» **WHAT YOU ARE ASKED TO DO**
Transcribe nothing except the lines below that run from the one with "Ancien tapis de" to the one with "Sa taille compacte", ends included, and do not copy any picture.

» **TASK INPUT**
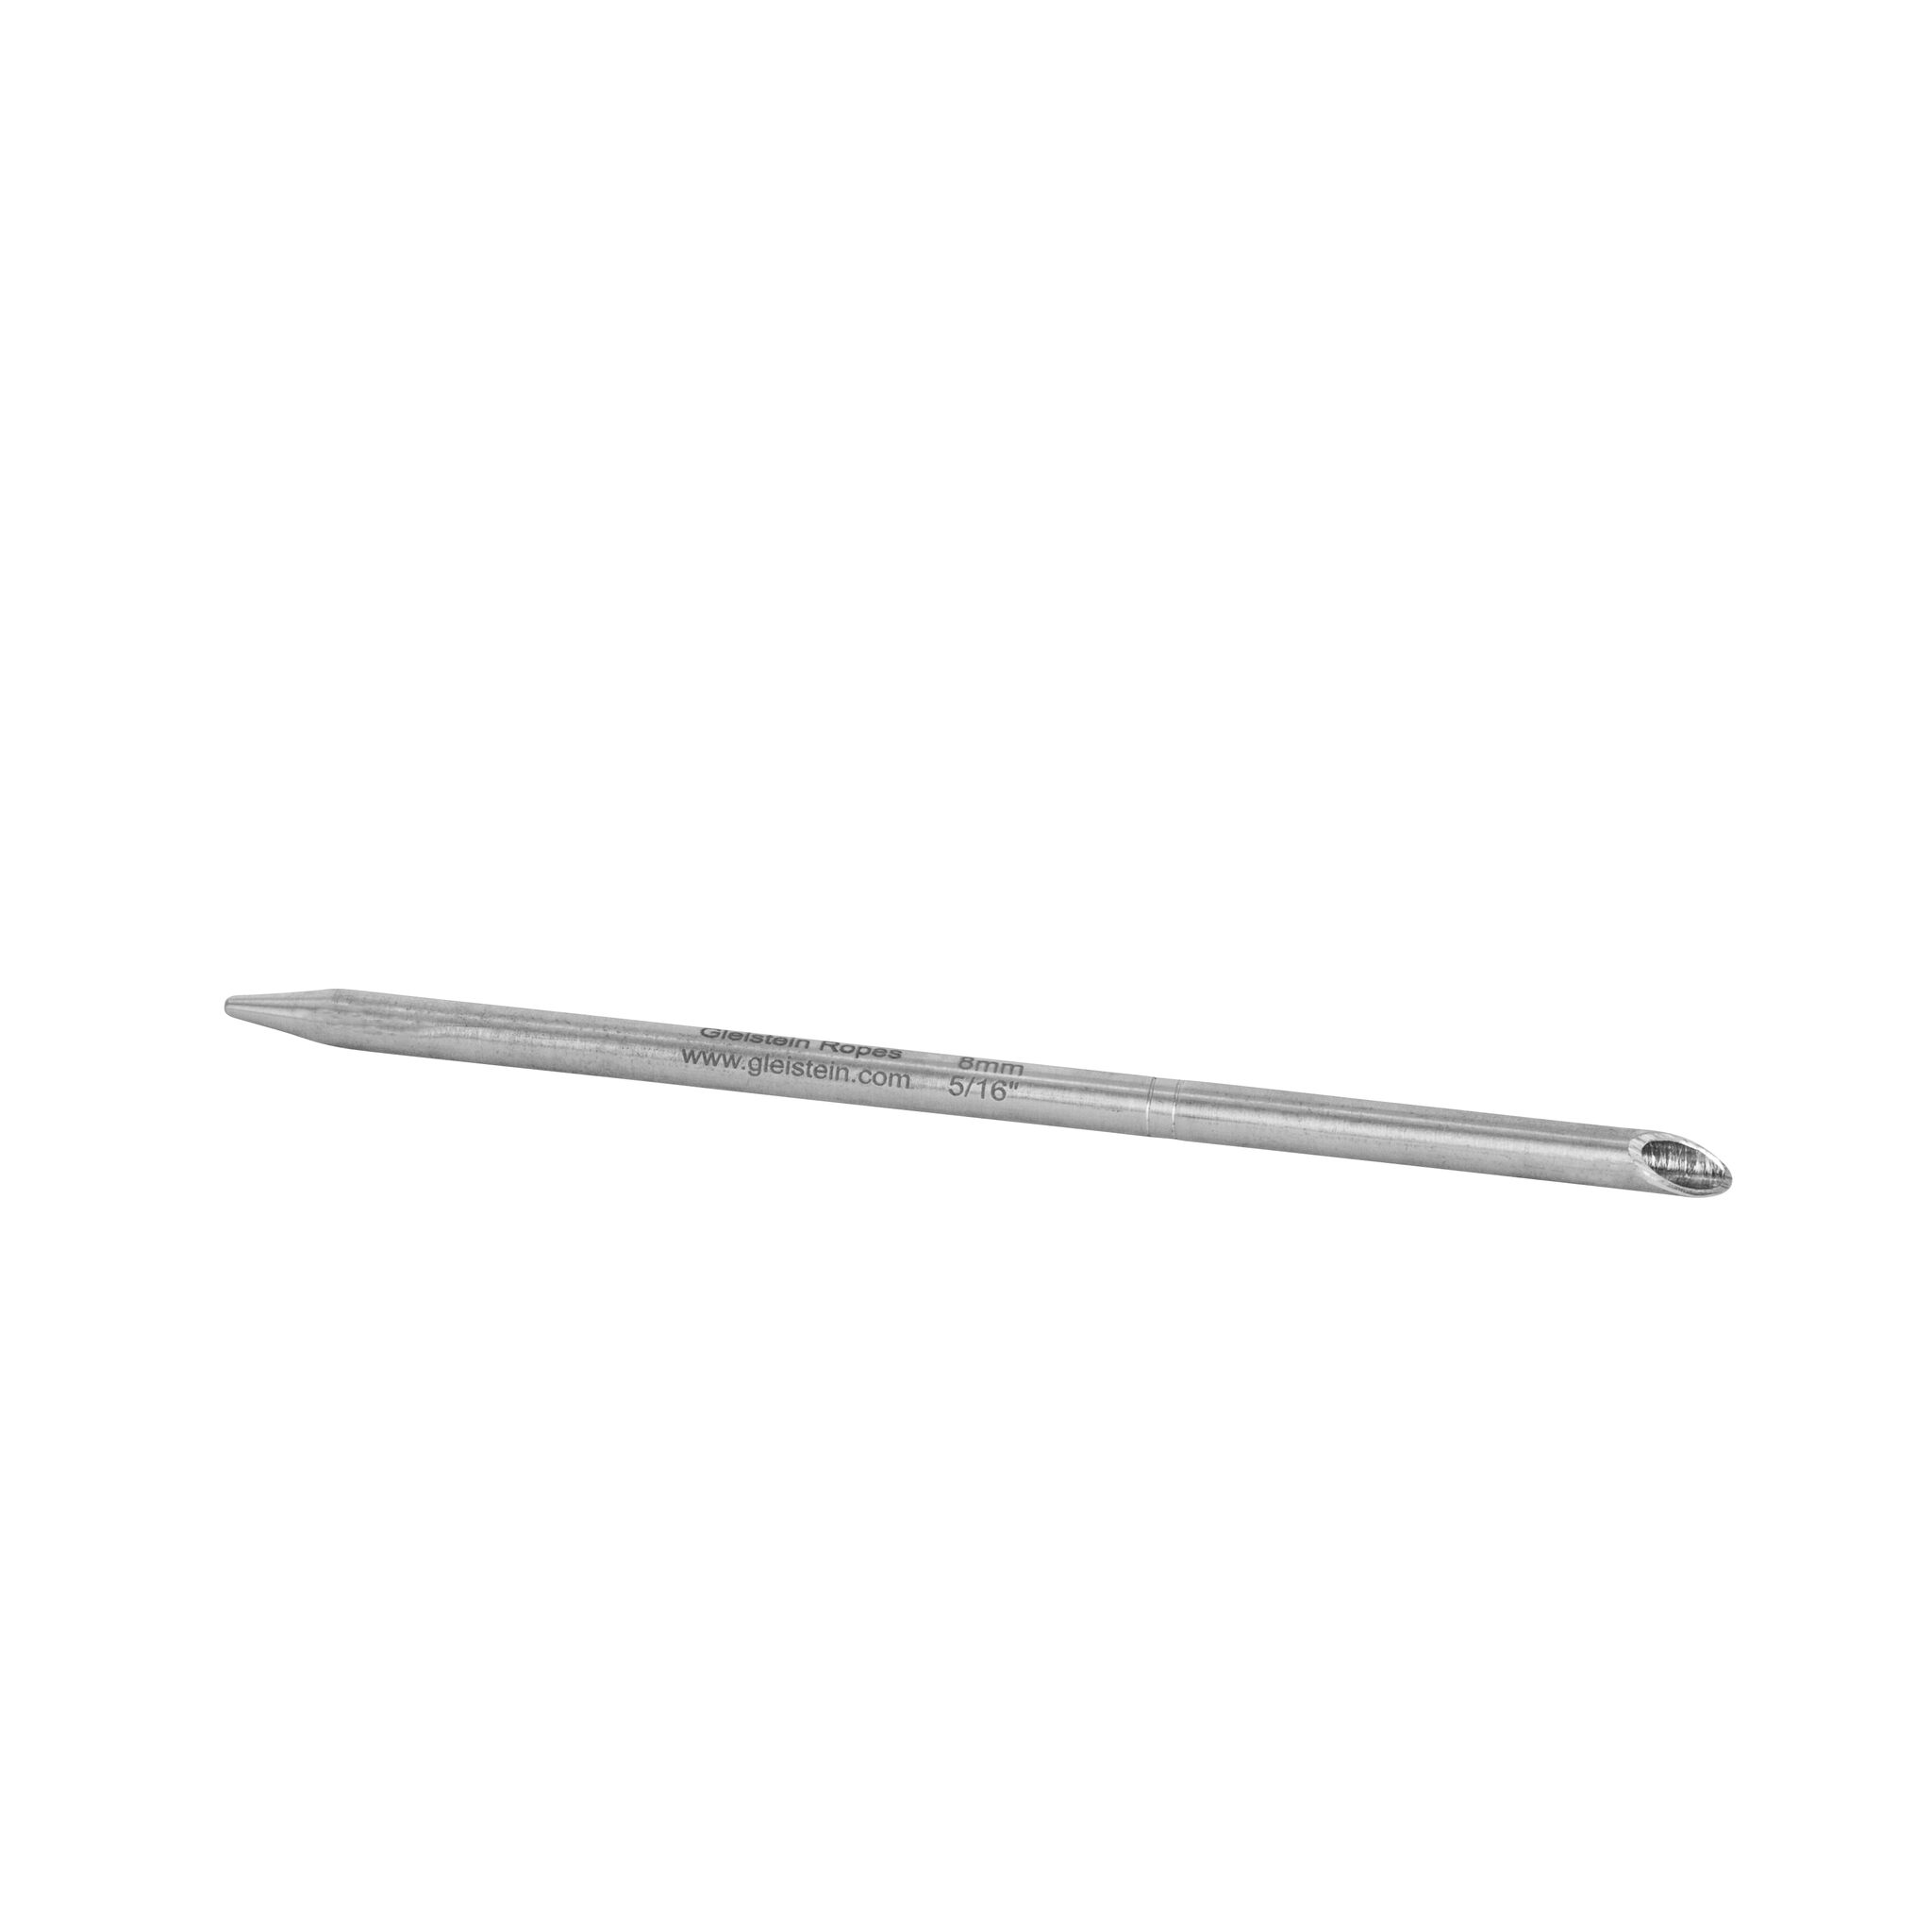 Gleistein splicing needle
* * *
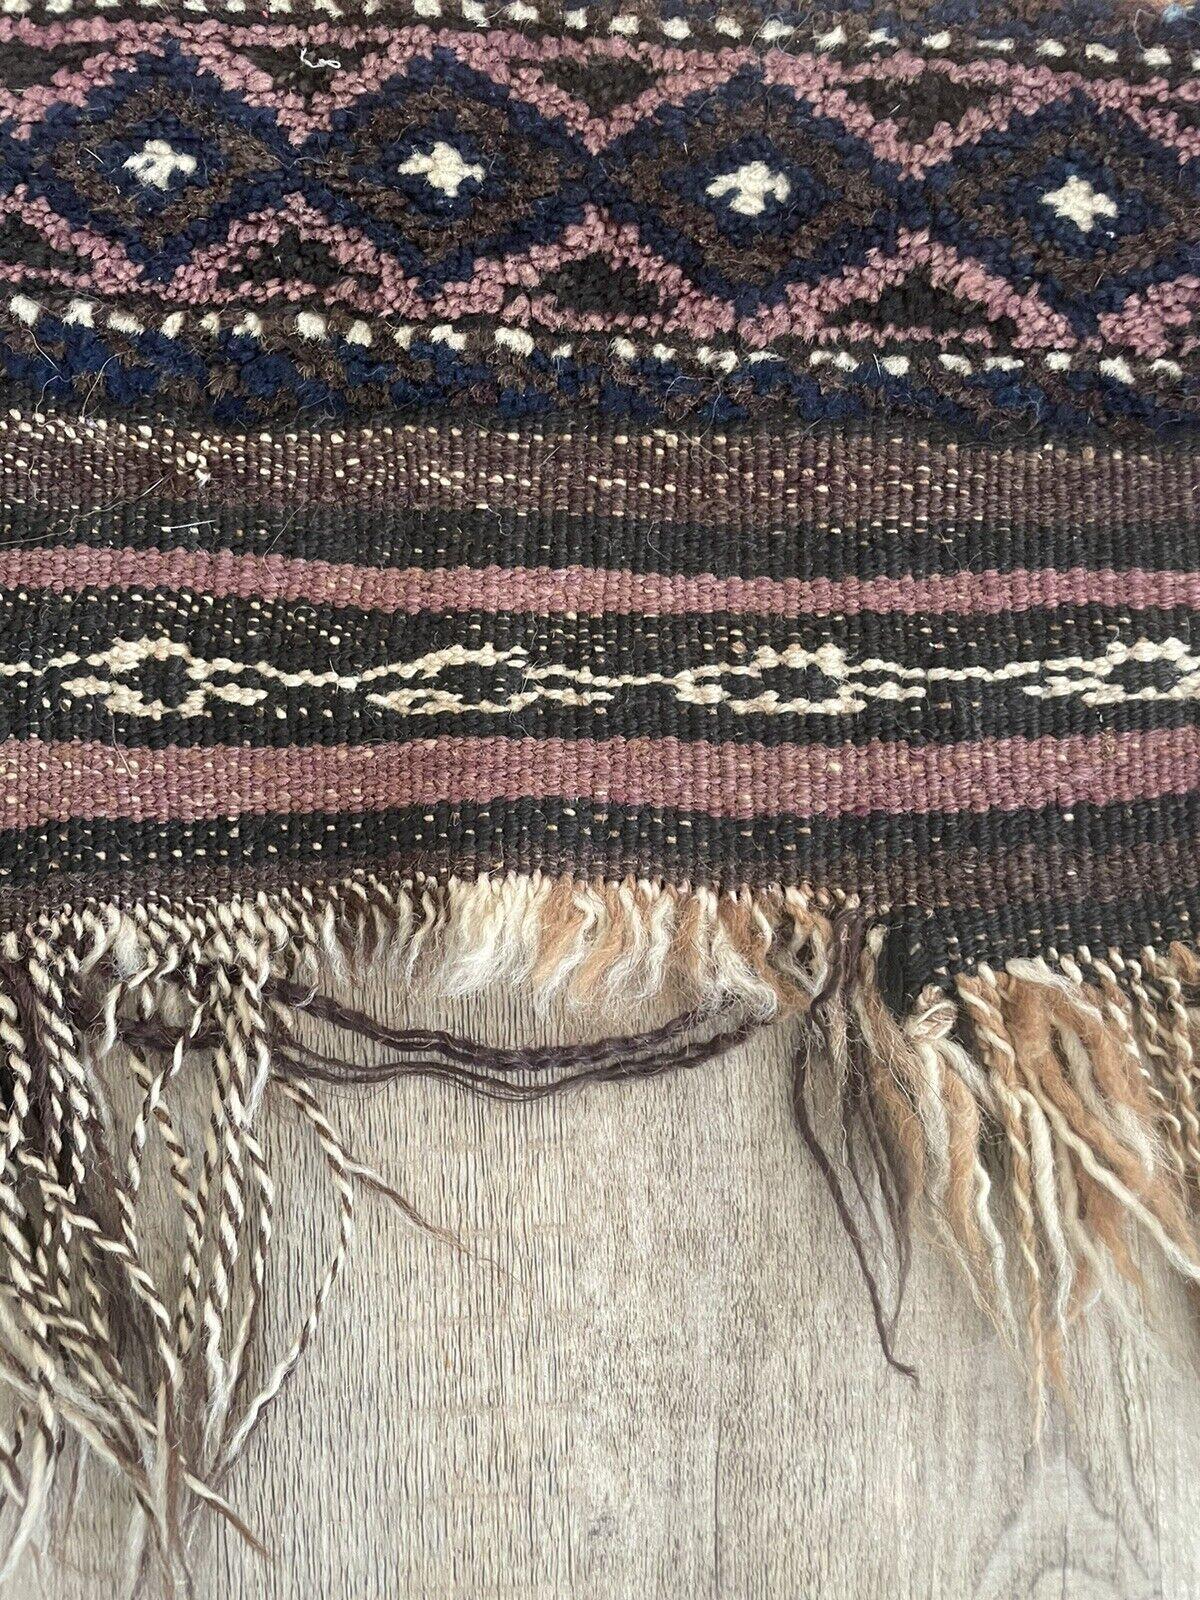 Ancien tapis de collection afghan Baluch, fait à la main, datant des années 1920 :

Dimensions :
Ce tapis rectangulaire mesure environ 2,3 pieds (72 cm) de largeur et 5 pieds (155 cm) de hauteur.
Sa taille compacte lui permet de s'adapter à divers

» **WRITTEN RESPONSE**
 Ancien tapis de collection afghan Baluch, fait à la main, datant des années 1920 :

Dimensions :
Ce tapis rectangulaire mesure environ 2,3 pieds (72 cm) de largeur et 5 pieds (155 cm) de hauteur.
Sa taille compacte lui permet de s'adapter à divers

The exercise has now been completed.